Lidi ha confessato – sto prendendo a prestito una sua intervista a La Stampa dei giorni scorsi – di aver preso il “Giardino” e di averlo affrontato “da un altro punto di vista, esaltandone l’aspetto rivoluzionario, di forza, molto presente nel testo”, andando in direzione opposta a un teatro che va contro i nostalgici e il teatro della nostalgia, pare proprio a spada tratta, ed esaltando la “concentrazione sul presente” che avrebbe tutti i requisiti per essere profondamente salvifica. Guardando altresì quel “testo della nostalgia” con sin troppa supponenza, una sorta di bullismo questa volta teatrale, e scomodando l’anima del buon Strehler che di quella nostalgia s’era imbevuto nella propria messinscena del ’74, che aveva guardato con occhio di dolore soffocato alla “camera dei bambini” e riempito di foglie cadenti l’ombrellino della Cortese e fatto scivolare attraverso il palcoscenico, tra una “carambola” e l’altra, il trenino dell’infanzia lontana di Santuccio. Che poi in un gioco, che è eguale dal 1904, a sei mesi dalla morte dello scrittore, che sempre ritorna, la nostalgia è ancora lì, vicinissima a noi, a portata di mano, tutti la tocchiamo, il testo di Lidi non può non mantenerla e gli attori la nominano.
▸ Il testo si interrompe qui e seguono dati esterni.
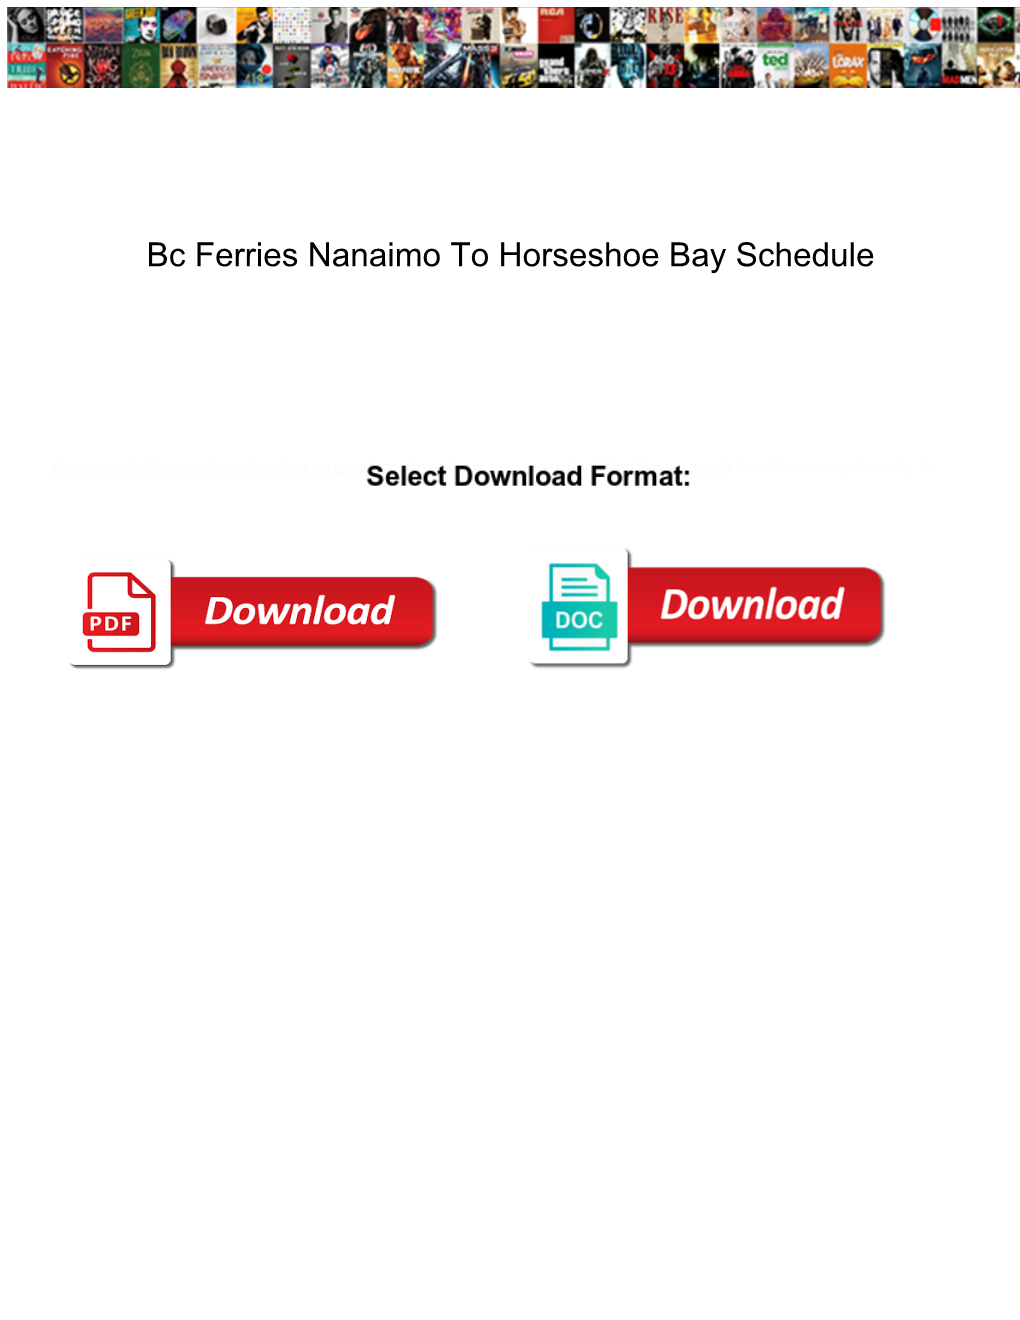 Bc Ferries Nanaimo to Horseshoe Bay Schedule
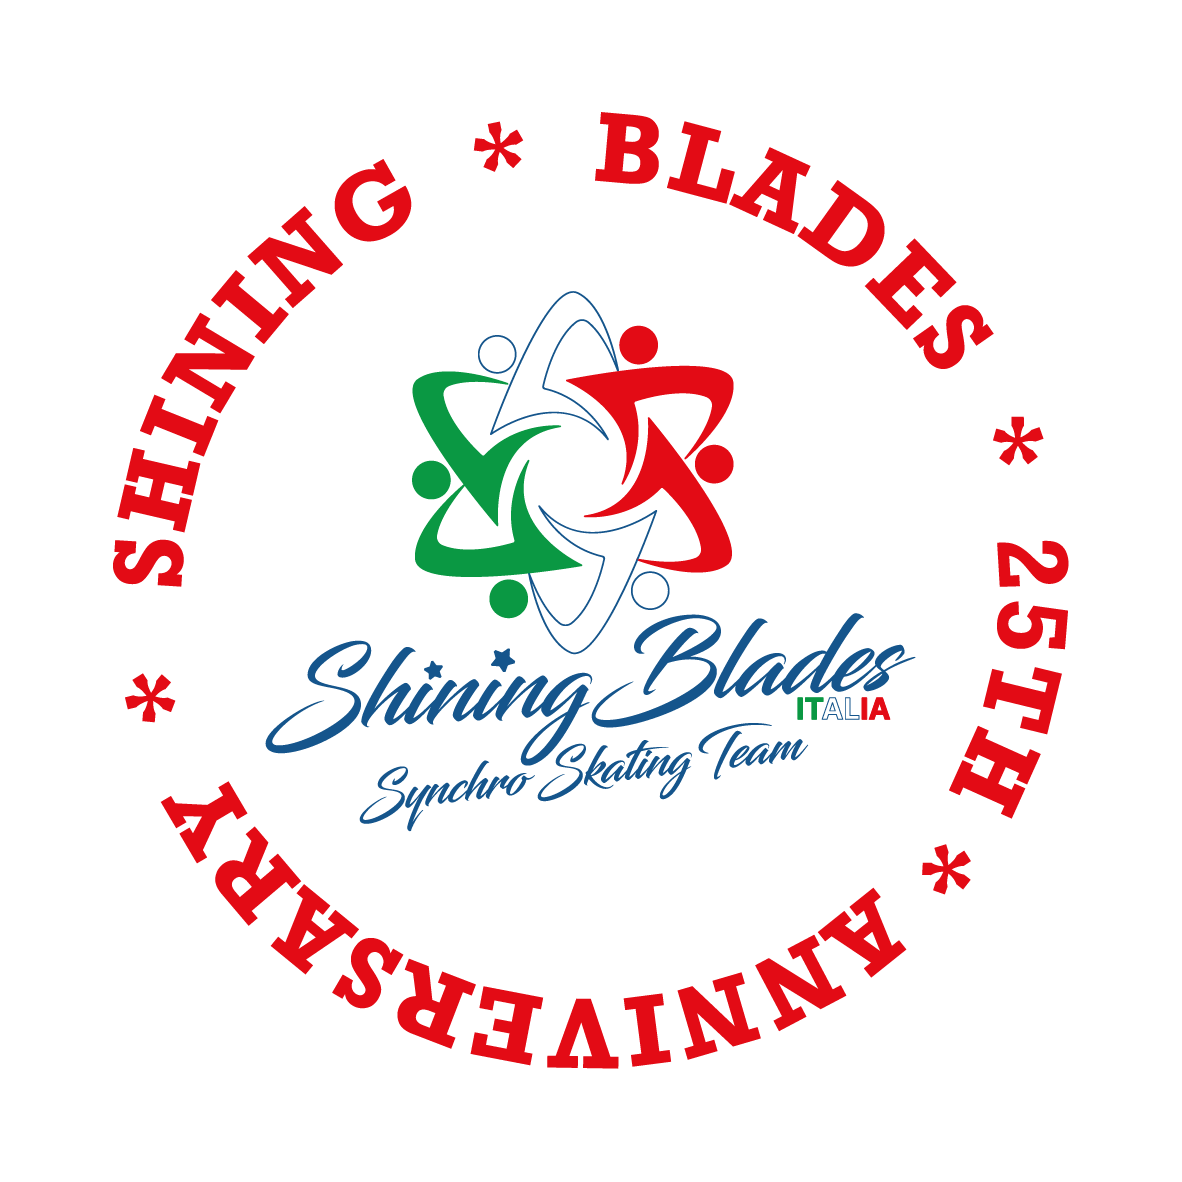 Shining Blades - Synchro Skating Team Italy

Immancabili, incancellabili, ci mancherebbe, per sottolineare il nuovo corso, “l’aspetto rivoluzionario”, i cambiamenti sociali e i proprietari terrieri che scapperanno a Parigi con il magone delle loro perdite e non capiscono quel presente che già li sta travolgendo, l’eterno studente dalle idee liberali e il figlio del servo della gleba, quello sempre preso a calci e obbligato ad andare con i piedi nudi d’inverno, che s’è fatto grande e furbastro e s’è comprato lui il giardino (Mario Pirrello, bravissimo nel suo Lopachin, uno studio perfetto di gesti e di frase smozzicate e di parole cercate nell’aria della chiacchiera), i ricordi delle giovani figlie di Ljuba, gli attimi trascorsi in quella casa, un arrivo e una nuova partenza che sembrano avvolgere la Storia e le tante storie. L’ultima stazione, questa del “Giardino”, di un viaggio, quello intrapreso da Lidi post pandemia, uno sconquasso per ritrovare ancora il teatro e il pubblico: ma “termineremo il viaggio confusi, pieni di domande e con pochissime risposte”, chi l’avrebbe mai detto?, e già nella mente del regista non ancora quarantenne si agita un filo rosso, “mi è sempre sembrato palese che il nostro giardino è sinonimo di nostro teatro.” Non vuol già dire voltarsi indietro, la ricerca del sarcasmo e dello spigolo dissacrante che cambiano in affetto, forse lontanissimo, forse non ammesso, verso questa vecchissima scatola magica? Chissà che cosa riuscirà a inventare la prossima volta Lidi, a dissacrare: per adesso io mi tengo stretto il ricordo – la nostalgia – di quel trenino e di quell’ombrellino riempito di foglie.
Gli appassionati della parola di Cechov e gli inseguitori di Lidi avranno modo di partecipare – bella occasione davvero – alla maratona inventata dal nostro Stabile, domani 30 novembre: sempre al Carignano, “Il gabbiano” alle 11,30, “Zio Vanja” alle 15,00 e “Il giardino dei ciliegi” alle 18,30 tour de forse fisico e mnemonico per tutti gli attori. Nella globalità del racconto, chi sarà a vincere, l’autore classico o il regista spericolato?